Cinzas e flores

18 Nov

(imagem: Flickr)

por Natália Albertoni

“É estranho. Os bons morrem jovens. Assim parece ser quando
me lembro de você que acabou indo embora cedo demais.” (Renato Russo)

Seu último cigarro foi aceso em uma sexta-feira 13 em que os raios de sol aqueciam até a mais escura sombra. Enquanto o farelo cinzento fazia a curva natural a caminho de esgotar a pequena brasa, as pessoas se amontoavam a sua volta, o espiavam com o auxílio da ponta dos pés e enchiam os olhos d’água em busca de um pouquinho de presença.

(…)

Vagaroso, arrastava as sandálias de couro pelos corredores com a mesma tranqüilidade de uma canção saudosa. Balançava a cabeça meio sem jeito, meio com charme, para ajeitar os finos e compridos fios de cabelo que insistiam em perder cor.

Sempre de calça jeans, disfarçava a regata neutra com uma camisa colorida, normalmente xadrez. Os colares envolvidos em seu pescoço e o pêndulo de pena suspenso por uma de suas orelhas reforçavam um estilo hippie, tanto ultrapassado quanto encantador.

Recostado na porta, aguardava o atraso por alguns instantes. Ainda baforando o hálito seco e amargo consequente do último trago de tabaco, beijava carinhosamente a testa de alguns que pouco a pouco adentravam a sala e seu mundo para lá viajarem durante cerca de 45 minutos.

Na companhia de palavras e expressões curiosas, transmitia um medo bom. Um temor instigante, intencional, com propósito. Só agora faz tanto sentido. Cauteloso, observava os questionamentos sem interferir nas conclusões subjetivas.  E segurando o queixo com a ponta dos dedos, analisava todos com um sorriso leve, enigmático, às vezes irônico.

Deve estar a fazer isso agora, tranqüilo, com os óculos em repouso no topo da sua cabeça como uma tiara. Ainda misterioso, deixa inquietação e medo no ar para sugerir alguma reflexão aos que tiveram a sorte de conhecê-lo.

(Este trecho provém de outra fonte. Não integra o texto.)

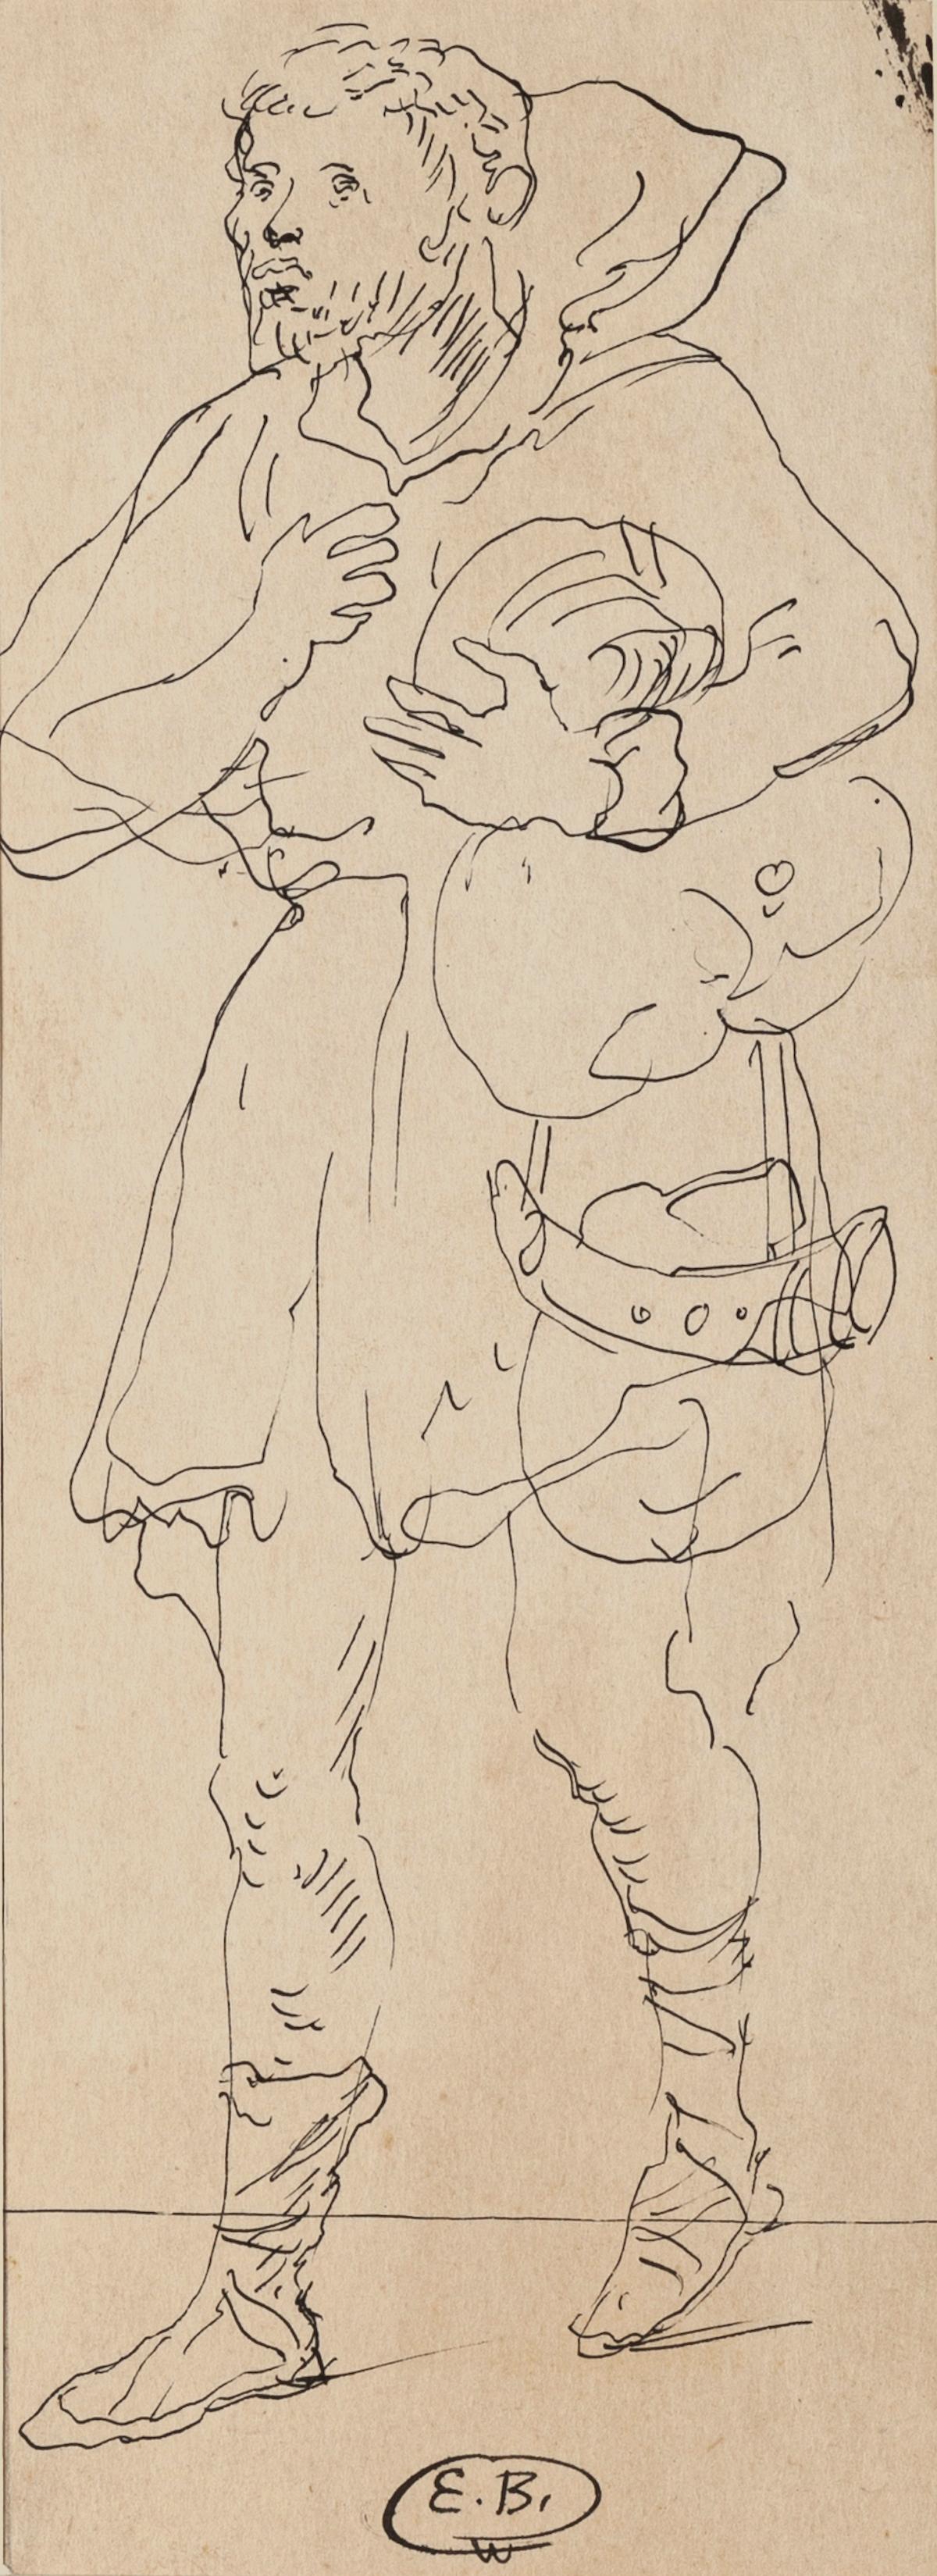 Theatrical Costume - Pencil Drawing by Eugène Berman - 1950s
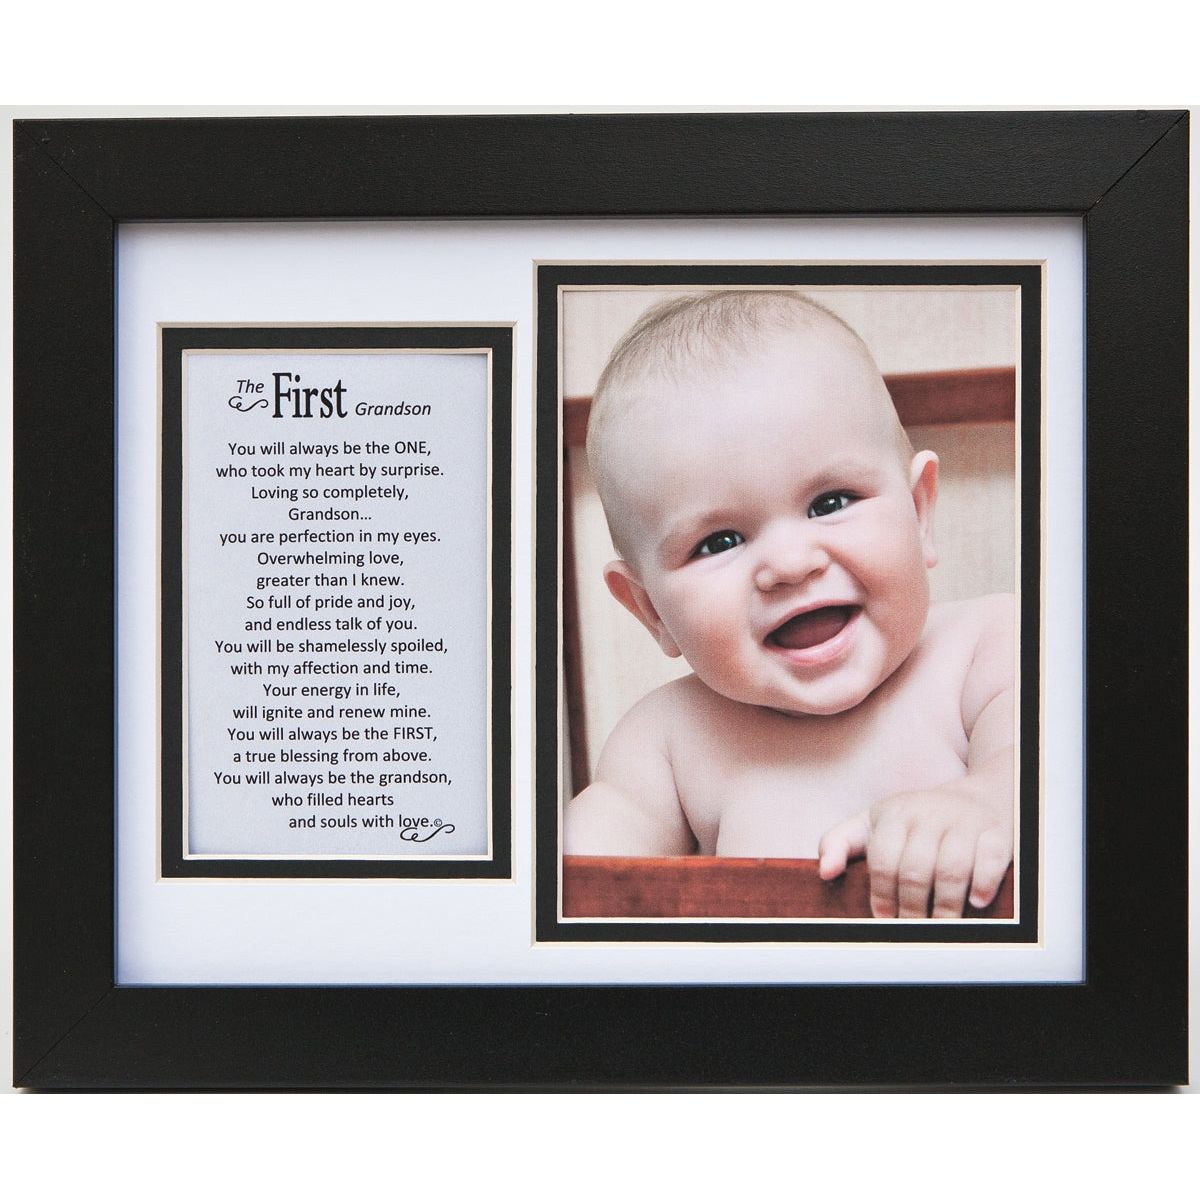 8x10 black frame with white and black double mat, includes &quot;First Grandson&quot; poem and space for photo.

O cigarro enfim apagou-se. Sobraram as cinzas, as flores e a saudade.

***

Desde cedo aprendemos que a nossa única certeza na vida, é a morte. Mas não aprendemos a continuar depois dela. Desejo força aos que ficaram, para que possam seguir em frente. Equilíbrio aos que perderam o chão. Pêsames apenas aos que nunca terão chance de passar sequer alguns minutos ao seu lado.